Stories, edited by Neil Gaiman & Al Sarrantonio
Gaiman says in his introduction that the four words that drive storytelling for him are "and then what happened?"; the ensuing collection is a fine, fine narrative salmagundi of page-turners of many stripes, blurring the line between genre and lit-fic with aplomb.
One Bloody Thing After Another, Joey Comeau
Great, twisted, blackest-humor read, about a girl with a suddenly-flesh-craving mother, her lesbian best friend, and an old man with the world's dumbest dog and an annoying headless ghost who's trying to tell him something. Fine holiday fun.
Lowboy, John Wray
The sometimes terrifying but always sympathetic story of a sixteen-year-old schizophrenic loose in the MTA system. Read it on the subway!
Lips Touch Three Times, Laini Taylor, illustrations by Jim Di Bartolo
Three lushly written novellas about demons, darkness, longing and first kisses. With pictures!
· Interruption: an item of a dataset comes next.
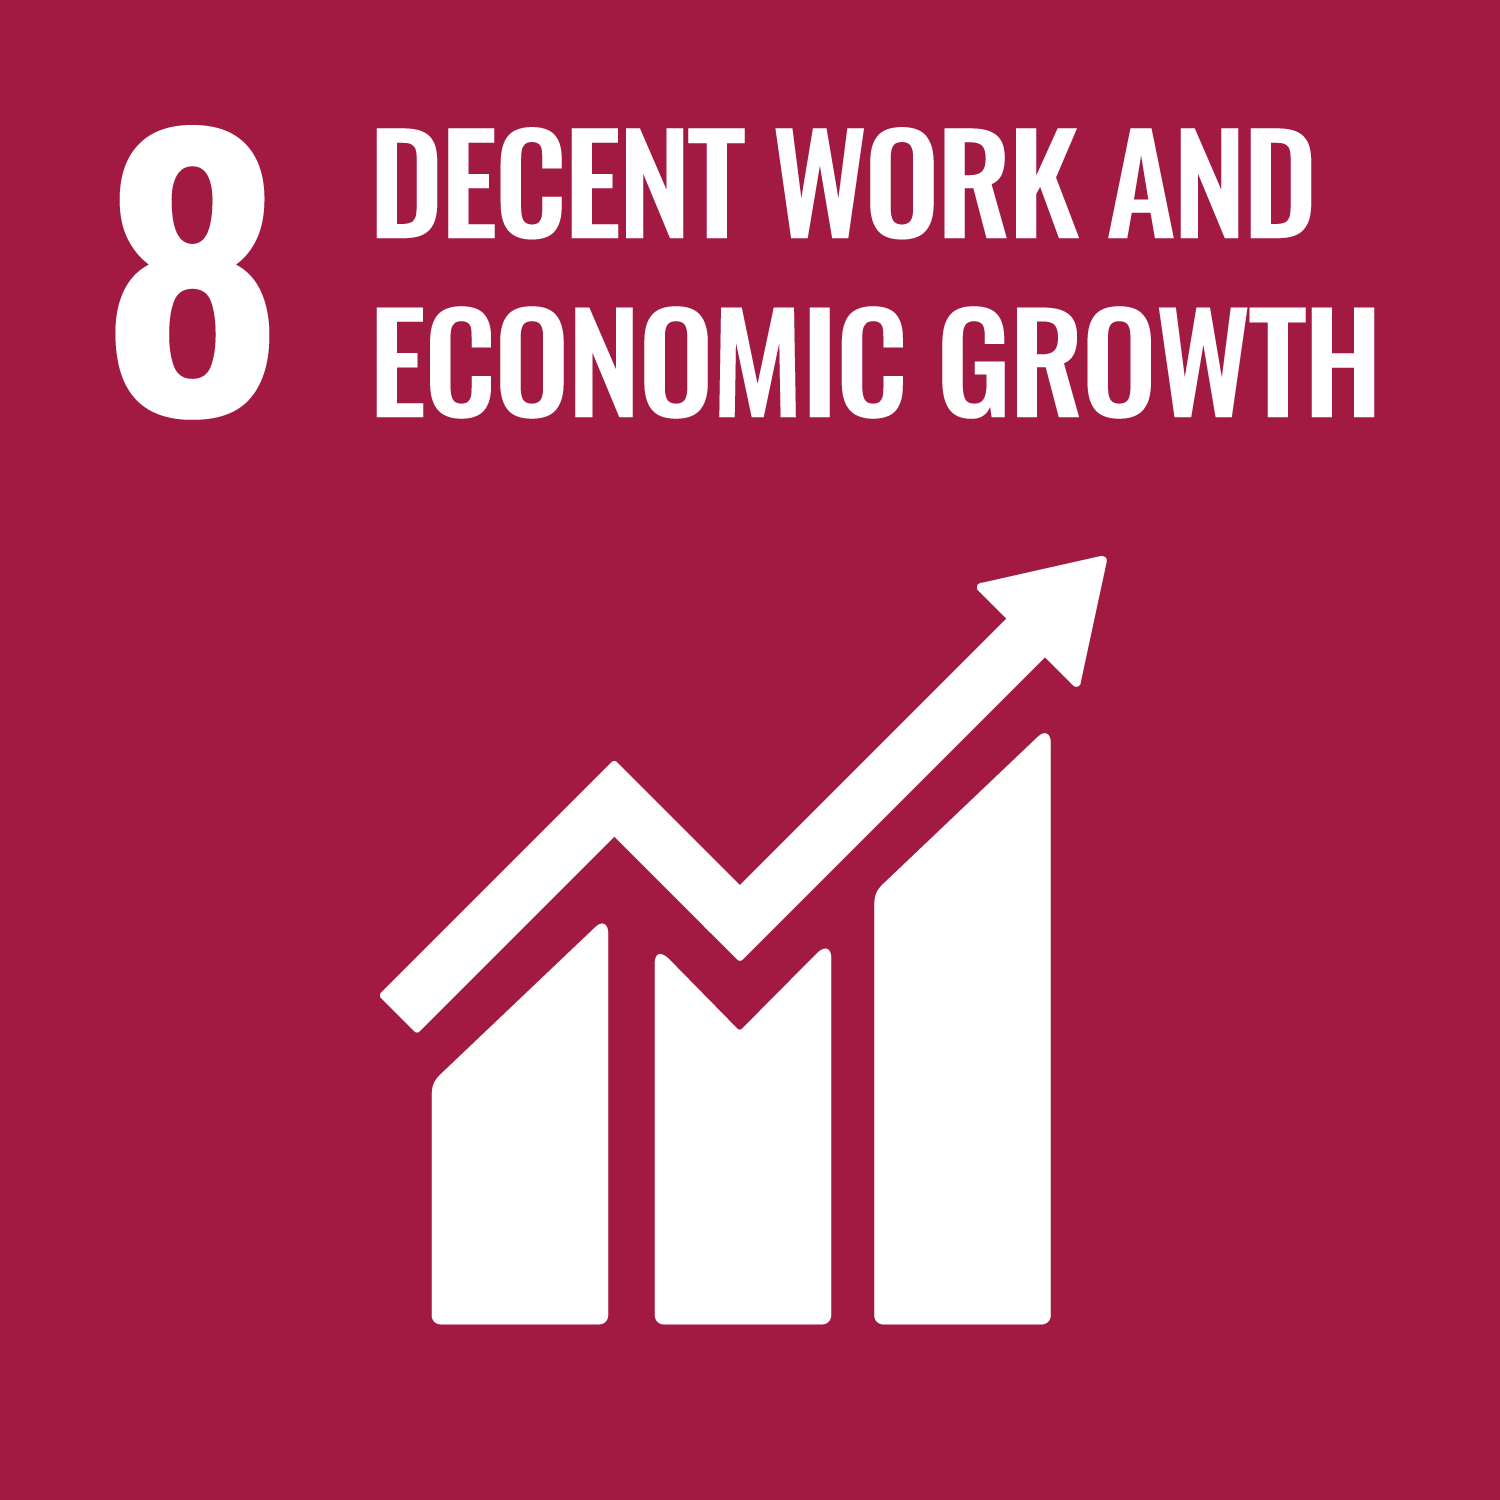 Goal 08 Decent Work and Economic Growth

The Children's Book, A.S. Byatt
While I was reading this, I didn't want to be doing anything else: not eating, not sleeping, not working. I just wanted to be left alone to read my book. It's a family saga, brief history of Victorian radical politics, meditation on the artist's role in society. Relentlessly compelling.
The Magician's Elephant, Kate DiCamillo
DiCamillo's a latter-day E. Nesbit: her books feel like rediscovered, sepia-toned classics, with loyal orphans, matter-of-fact magic, and an undercurrent of tragedy.
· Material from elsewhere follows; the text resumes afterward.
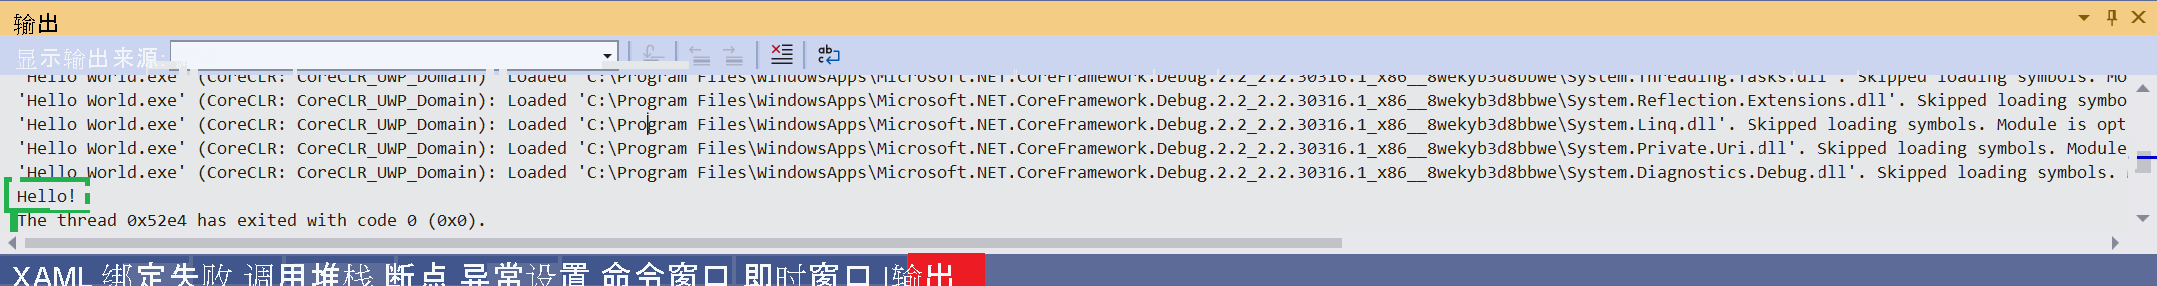 Screenshot showing the Visual Studio output window with the Hello! message shown.

Sense & Sensibility & Sea Monsters, Jane Austen & Ben H. Winters
Grave-rolling-over-in aside, this mash-up is glorious, silly fun. The biggest laughs come from the author's twists on Austen's original language. And poor Colonel Brandon, instead of being just old (at 35!), has been cursed by a sea witch and possesses a tentacled Lovecraftian nightmare of a face.
Stitches: A Memoir, David Small
I'm not big on unhappy-childhood memoirs in general, but Small's beautifully drawn tale of family secrets and madness won me over. His illustration reminds me somewhat of Jules Feiffer's for The Phantom Tollbooth: loose-jointed, often suggestive instead of precise, by turns whimsical and haunting.
Vile Bodies, Evelyn Waugh
A vicious satire of the Bright Young People (ancestral hipsters!)--one of my favorites, only improved by my learning how many of the characters were based on Waugh's real-life friends. Apparently they really did talk like this!
The Scenic Route, Binnie Kirshenbaum
Heartwrenching, without being manipulative. I don't know how she does it.
Oddly specific genres I'm into lately: paranormal Jane Austen sequels (Mr. Darcy, Vampyre), sex-positive YA vampire fiction (Cynthia Leitich Smith!), stranger-than-fiction history (Harry Truman's Excellent Adventure, K Blows Top, Cranioklepty), books about Brooklyn
Bookseller crush (book): Sips & Apps, Kathy Casey--an all cocktail-and-appetizer cookbook. Bacon cookies!
Bookseller crush (fictional characters): Henry Tilney (Northanger Abbey), Jude (the obscure)
Bookseller crush (author): Sasa Stanisic (How the Soldier Repairs the Gramophone. Best novel of 2008. Also, adorable.)